▶ **Given data**:
____
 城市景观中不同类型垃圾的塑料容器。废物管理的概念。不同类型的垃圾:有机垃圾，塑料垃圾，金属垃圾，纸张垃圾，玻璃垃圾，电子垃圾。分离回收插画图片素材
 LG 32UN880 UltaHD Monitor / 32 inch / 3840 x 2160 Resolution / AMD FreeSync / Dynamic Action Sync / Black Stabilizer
____
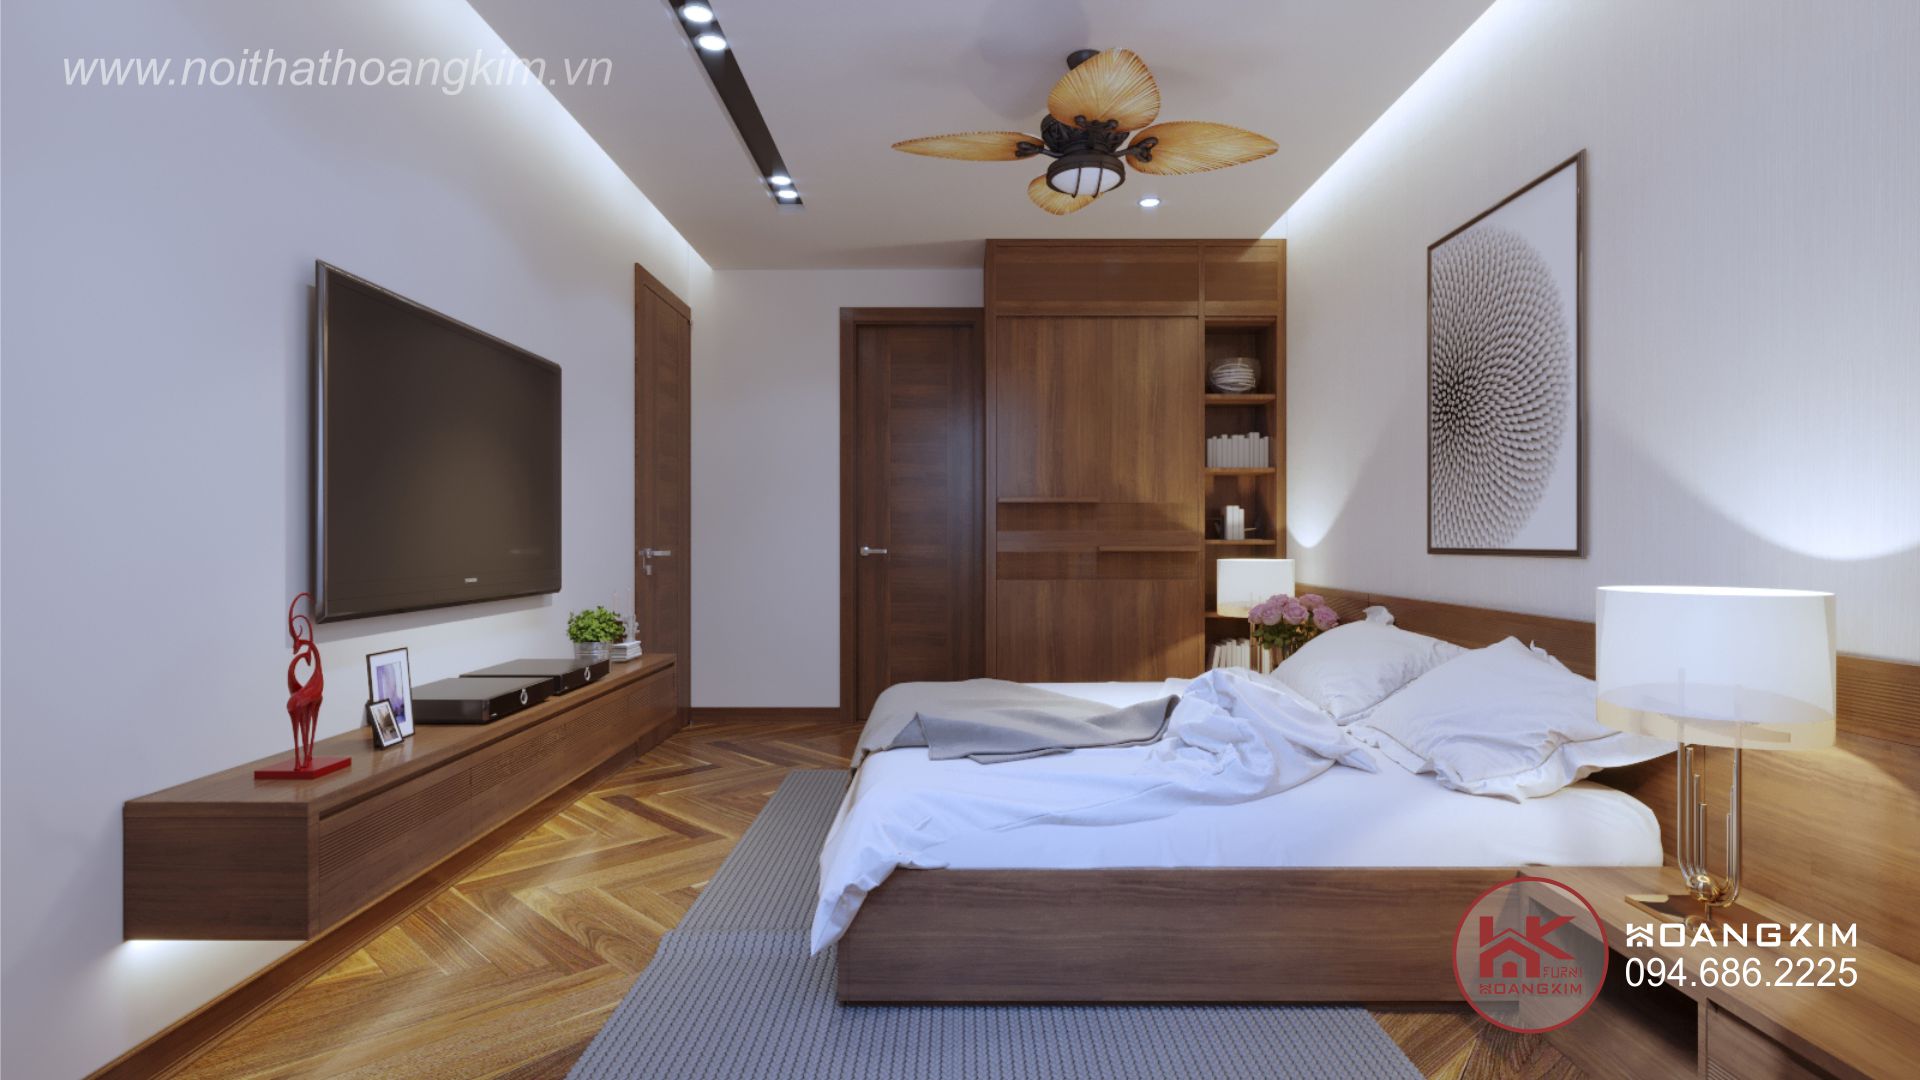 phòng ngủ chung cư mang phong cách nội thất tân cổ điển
____
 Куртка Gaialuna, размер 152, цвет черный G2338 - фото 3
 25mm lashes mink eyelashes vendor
____
▶ **Task details**:
Go through the material above and output exactly the lines from the one containing "城市景观中不同类型垃圾的塑料" through the one containing "LG 32UN880 UltaHD".

▶ **Solution to the problem**:
 城市景观中不同类型垃圾的塑料容器。废物管理的概念。不同类型的垃圾:有机垃圾，塑料垃圾，金属垃圾，纸张垃圾，玻璃垃圾，电子垃圾。分离回收插画图片素材
 LG 32UN880 UltaHD Monitor / 32 inch / 3840 x 2160 Resolution / AMD FreeSync / Dynamic Action Sync / Black Stabilizer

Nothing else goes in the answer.